Cold-blooded research has hearts thumping

23-Apr-2013 - Austria

The protective effect of inducing controlled hypothermia following sudden cardiac arrest will now be investigated in detail. The goal of the scientific work is to judge whether this type of cryotherapy can be improved when using parallel simultaneous invasive resuscitation procedures. Establishing a powerful model to help predict improvements in patients' health is key for the project. Neuro-behavioural tests will also be developed to enable various treatment regimens to be compared. The project, supported by the Austrian Science Fund FWF, will establish the basis for best practices when saving lives using controlled hypothermia.

Andreas Janata

Green light for research on inducing controlled hypothermia following sudden cardiac arrest.

Things stay fresh longer when refrigerated. That goes for lettuce as well as humans – especially when the body is not provided with an adequate supply of oxygen. This occurs following sudden cardiac arrest, which has a survival rate of less than ten percent. Cooling to 33 degrees Celsius – known as mild hypothermia – is actually the only effective therapy for improving the survival rates of these patients. A team of researchers from the Medical University of Vienna will now investigate how to improve hypothermic treatment when using it in combination with invasive resuscitation procedures.

Resuscitation & repairing

Hypothermia works by reduction of reperfusion injury – the damage that is inflicted by oxygenized blood flowing into oxygen-deprived tissue. As paradoxical as it may sound, the resuscitation that makes survival of the patient possible, likewise leads to damage of the heart muscle and brain. Dr. Andreas Janata from the Department of Emergency Medicine at the Medical University of Vienna and leader of the project on this topic: "Reperfusion injury occurs when blood flow is restored to the brain after a period of hypoxia, which is oxygen deprivation. Restoration of the blood flow actually triggers an inflammation reaction and oxidative stress that can damage the tissue. Hypothermia can reduce the effects of these mechanisms of damage." Current conventional protocols involve reducing the body temperature down to 33 degrees Celsius. According to the hypothesis, even lower temperatures would minimise damaging after-effects in the brain – but they would lead to intolerable side effects for the heart.

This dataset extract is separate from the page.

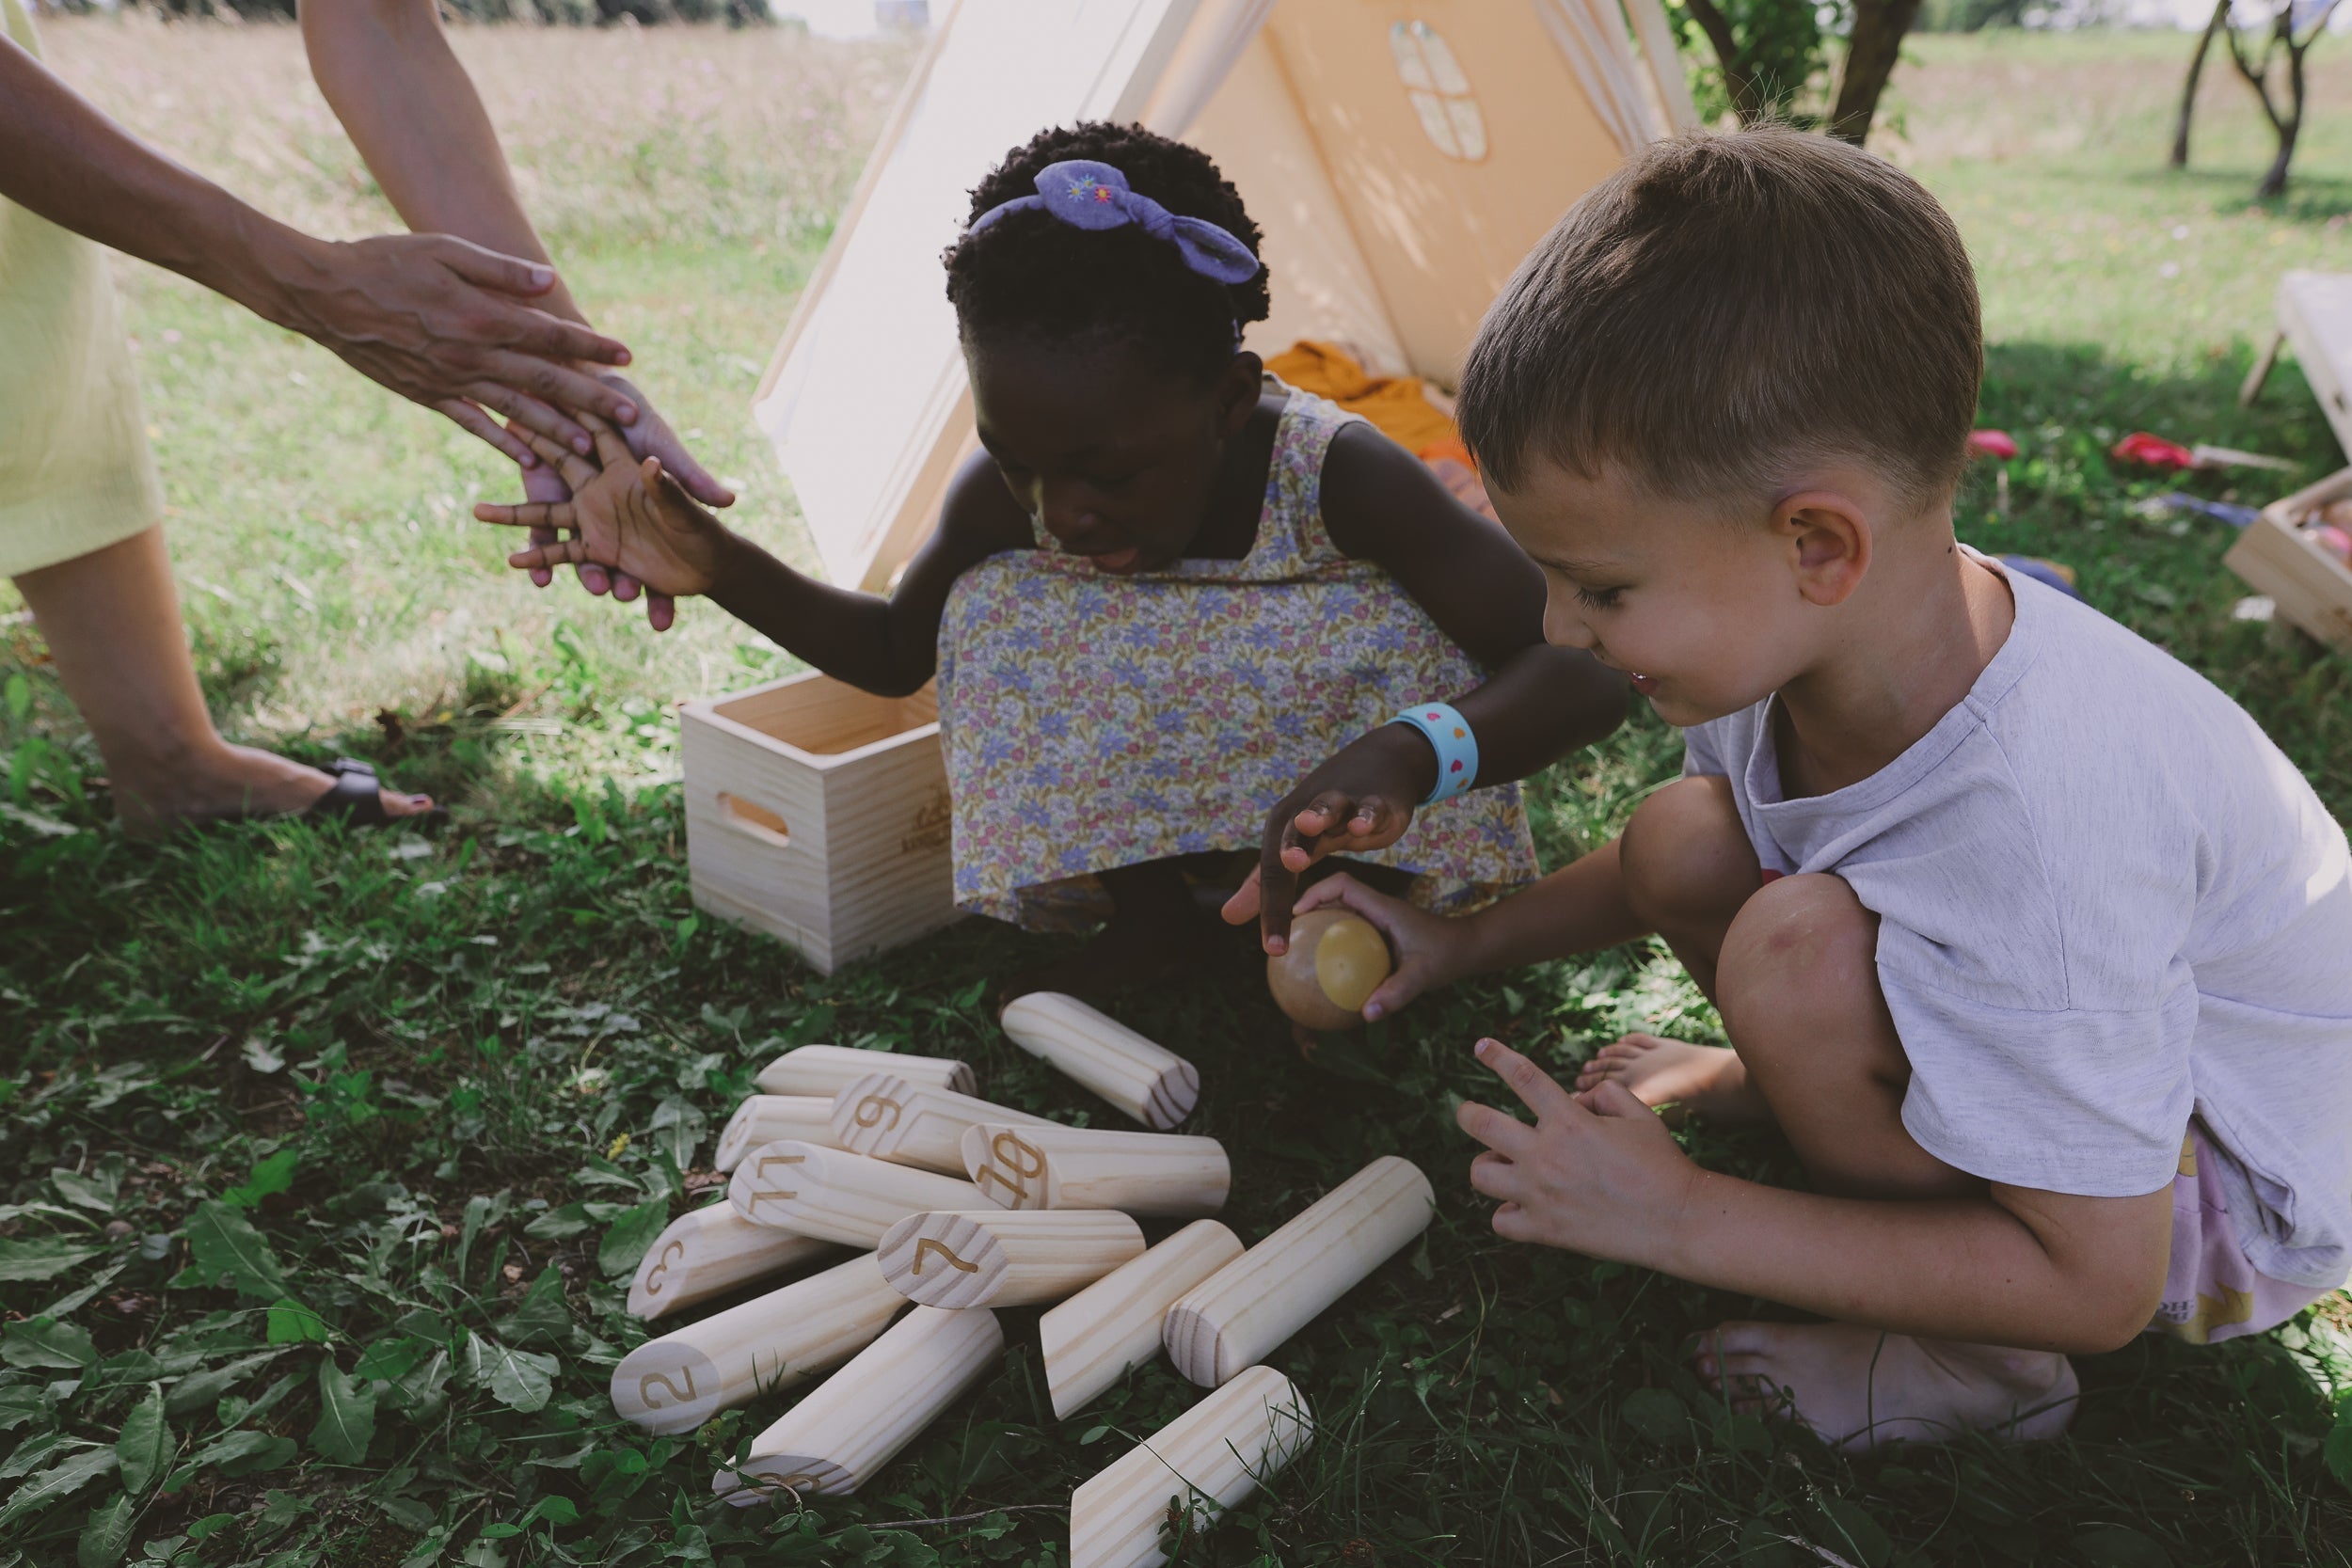 Kinderfeets Kinderfeets Skittle Sticks: Ein Spiel der Liebe und Geschicklichkeit im eigenen Garten! 💕🎳🌿

Dr. Janata and his team want to get a grip on precisely this treatment dilemma. For invasive resuscitation procedures using a heart-lung machine relieve the heart during resuscitation and thus allow the use of lower temperatures. However, the best temperature scheme is not yet known and the project will settle this.

Therapeutic cocktail "on the rocks"

Hypothermia influences a great many physiological processes, which is one of the challenges involved. These include programmed cell death (apoptosis), immune responses, and damage to nerve cells (excitotoxicity), as well as oxidative cellular stress. The processes affected are actually so complex that it would be difficult to identify any one single pharmaceutical therapy that could have just as comprehensive and positive an effect as hypothermia does. Dr. Janata comments: "Hypothermia is like a cocktail of various medications. That makes it very difficult to study its effect or determine the best practices for treatment." Due to this complexity, a significant part of the work begun recently by his team consists of setting up a suitable multi-tier model that permits analysis of various treatment regimens.

In fact, the team had already managed to develop models for ventricular fibrillations and invasive resuscitation some time ago. The project will now include developing neuro-behavioural tests for this model. These tests will be carried out following an induced circulatory arrest and permit the consequences of treatments with varying degrees of hypothermia during invasive resuscitative procedures to be compared. The results of this project, which is supported by the FWF, will then offer a basis for best-practices treatment in cases of sudden cardiac arrest – a medical problem that has exhibited frighteningly low survival rates, despite its frequent occurrence.